Metaphors

Matthew Hutson, English 111, Brown University (1998)

As digital culture shatters and redistributes our pictures of realty and central authority loses relevence, a new kind of authority arises. Infinite mutability of simulacra in the form of digital media dilutes any claims of absolute legitimacy, yet also gives people the tools to design and publicize new visions of authority. Baudrillard describes the development of simulacra, and we see that people can now appropriate and remold any available media into any kind of false exoskeleton that they desire. Digital photographs can be retouched to show people lifting buildings or breathing fire. Propoganda, urban legends, and commercial archetypes spread across the globe like wildfire. The easy construction and propogation of imagined personalities that lie within the layman's hands simply invite the invention of superheroes, and, by extension, deities.

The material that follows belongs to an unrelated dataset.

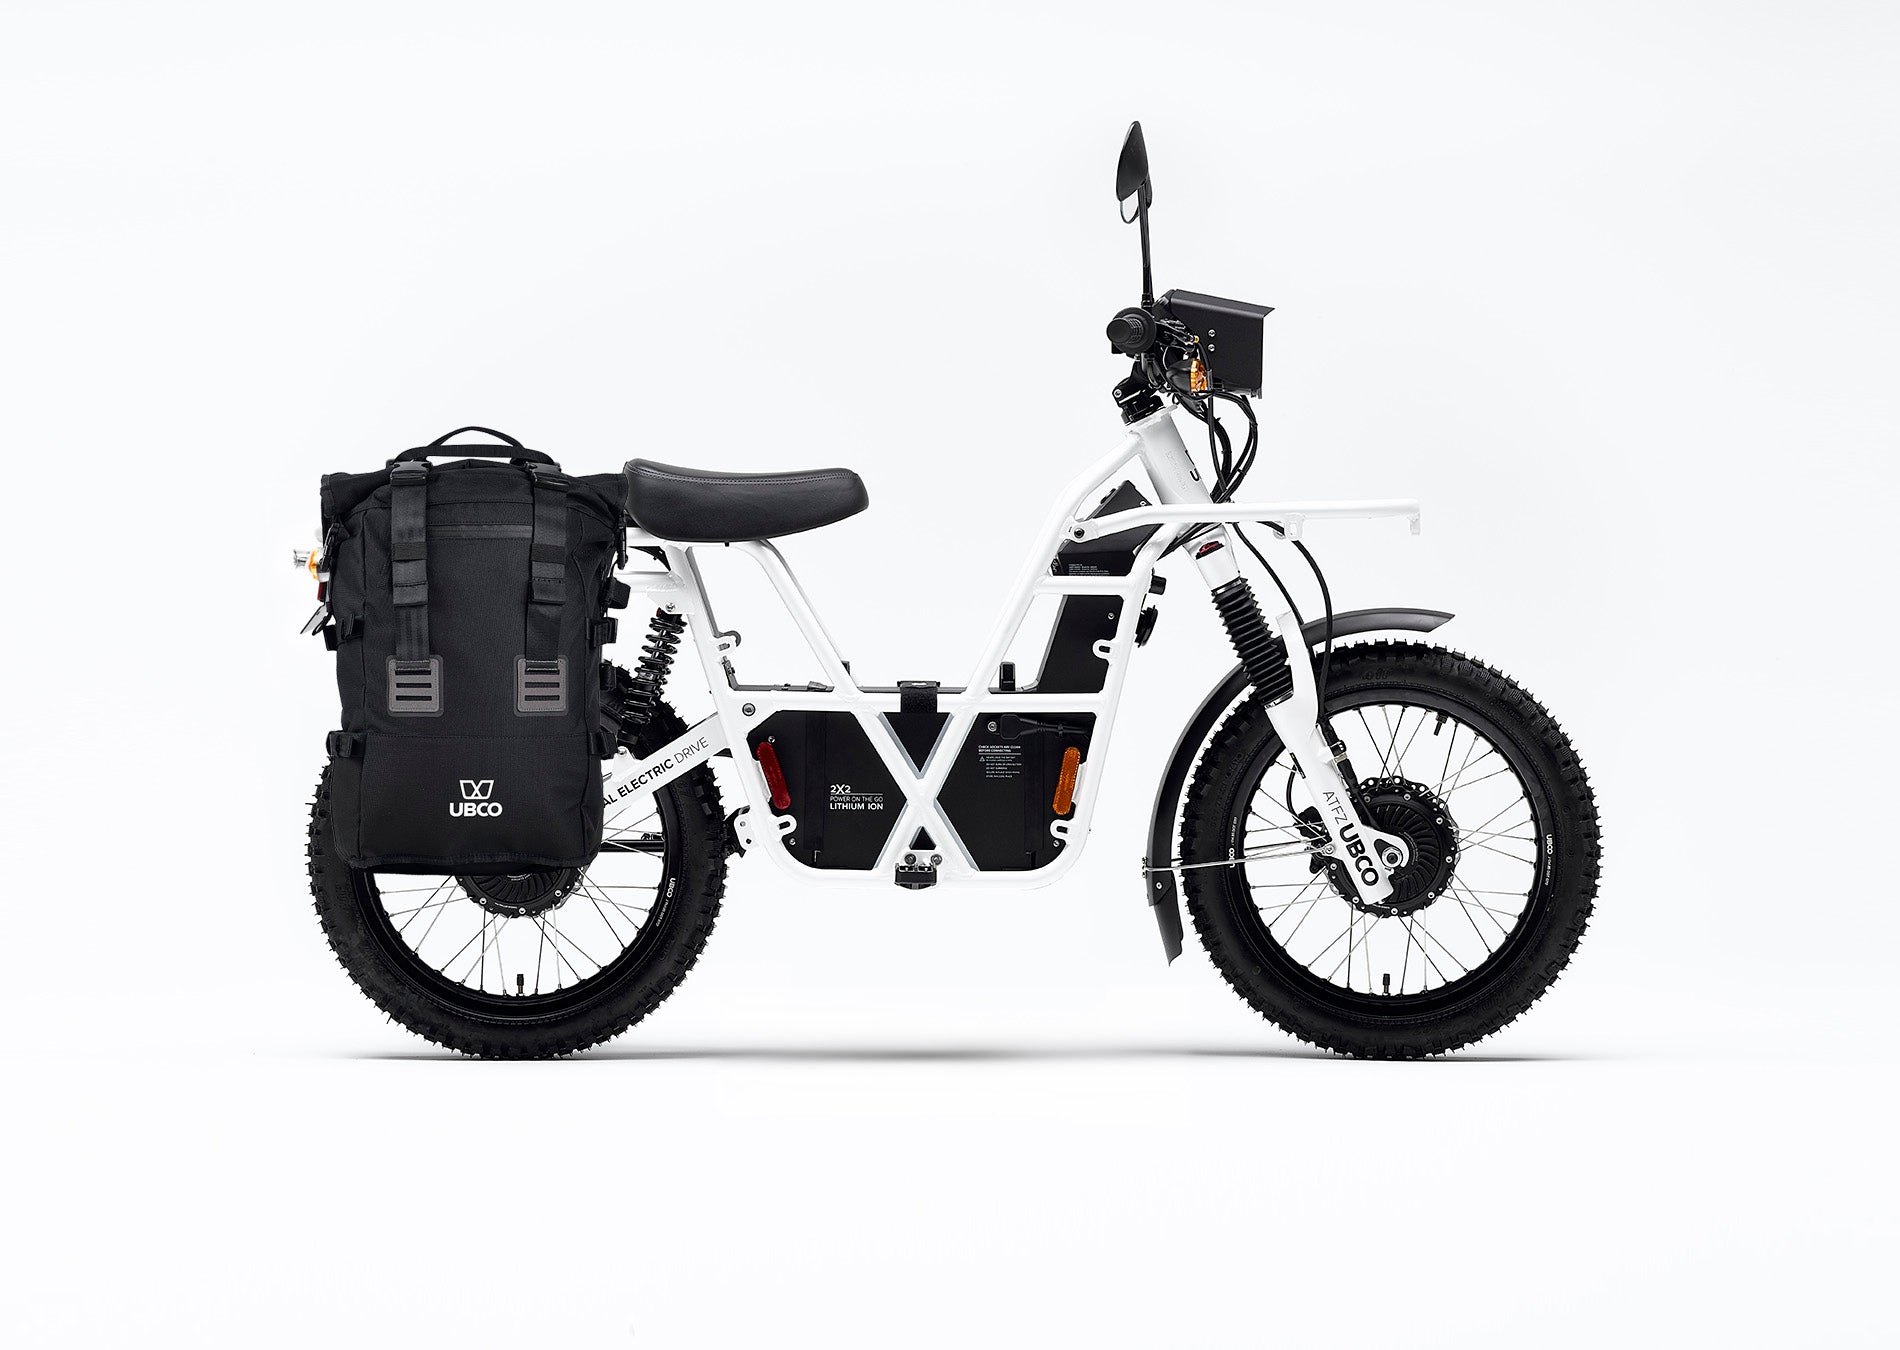 Side view of Ubco 2x2 2018 electric adventure bike with pannier bags mounted on either side of rear wheel

As we find new ways of arranging and transfering bits, we must also create new metaphors for their use, new tools with which to manipulate and interact with them. The Macintosh graphic operating system creates a virtual deskop, with folders and a trashcan (and the Windows operating system give users a pseudo life-like virtual Macintosh.) We have information "superhighways," connecting a "global village," we "surf" an endless "stream" of information in the form of html "pages." Many of these technological metaphors provide intuitive tools for people to adjust to the digital realm, but Kai Krause has shown us that we can take this intuitive feel and stretch it beyond merely physical analogues.

In City of Bits, William Mitchell describes our new metaphors for the virtual communities and spaces we have built with digital technology. Steven Johnson also describes in his book, Interface Culture, the new environments we build with silicon:

As our machines are increasingly jacked into global networks of information, it becomes more and more difficult to imagine the dataspace at our fingertips, to picture all that complexity in our mind's eye -- the way city dwellers, in the sociologist Kevin Lynch's phrase, "cognitively map" their real-world environs.

. . . Representing all that information is going to require a new visual language, as complex and meaningful as the great metropolitan narratives of the nineteenth-century novel. We can already see the first stirrings of this new form in recent interface designs that have moved beyond the two-dimensional desktop metaphor into more immersive digital environments: town squares, shopping malls, personal assistants, living rooms. As the infosphere continues its exponential growth, the metaphors used to describe it will also grow in both scale and complexity. The agora of the twenty-first century may very well relocate to cyberspace, but it won't get very far without interface architects to draw up the blueprints.

Julian Scaff describes this exension of the interpolated reality that digital simulcra brings on within the context of art:

Not only does authenticity become meaningless, but space and time become an ambiguity for which we only have vague metaphors such as "cyberspace." With the digital reproduction of art there may still be an "original" somewhere in the world that was scanned, sampled, or otherwise digitized, but the digital art form takes on a life of its own.